We conclude that the evidence before the trial court created a question of fact on the issue whether plaintiff's expectation that she would be discharged only for just cause was legitimate. The at will termination clause in the application for employment was followed by the cautionary statement that its terms could only be changed by the administrator in writing. That phrase may be interpreted as meaning that a change could not be made orally. Thus, whether the handbook or the work rules constituted a change in the stated at will termination clause "by the administrator in writing" was a question of fact.
Furthermore, the evidence on whether the handbook and the work rules applied to plaintiff was conflicting. Deposition testimony appeared to establish that the handbook applied to plaintiff, a nonunion employee. The handbook did not contain an express statement that an employee could only be discharged for just cause, but did create a procedure under which an employee would receive three warnings before dismissal. The language of the warning provision was unclear as to when it *202 would be utilized. In addition, the warning provision was juxtaposed immediately below a list of acts for which immediate dismissal would result. Under these circumstances, whether the handbook created a "for cause" termination policy was a question of fact to be resolved by the jury. In addition, it is unclear whether the work rules applied to plaintiff. The director of nursing, Mary Hynes, indicated in her deposition that some of the rules were applicable to nonunion members, while the language of the rules suggested that they were applicable only to union members.

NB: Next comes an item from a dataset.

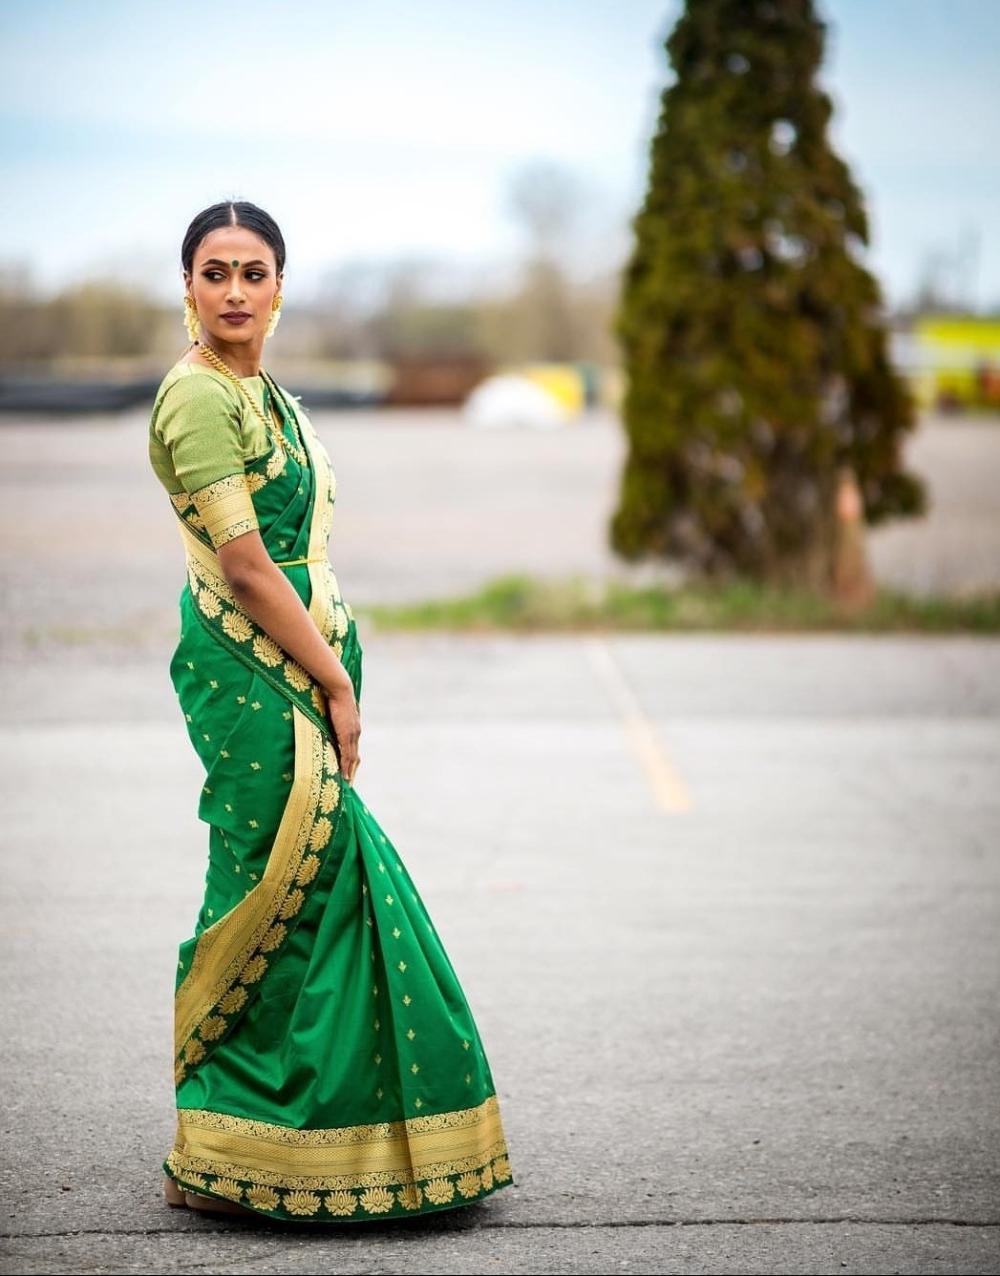 Thanuska Subramaniam

The documents and testimony considered by the trial court created a material question of fact, properly resolved by the jury, as to whether plaintiff's subjective expectancy was legitimate. Therefore, the court erred in granting defendant's motion for summary disposition and in dismissing plaintiff's wrongful termination claim.
Reversed.
NOTES
[*] Former Court of Appeals judge, sitting on the Court of Appeals by assignment.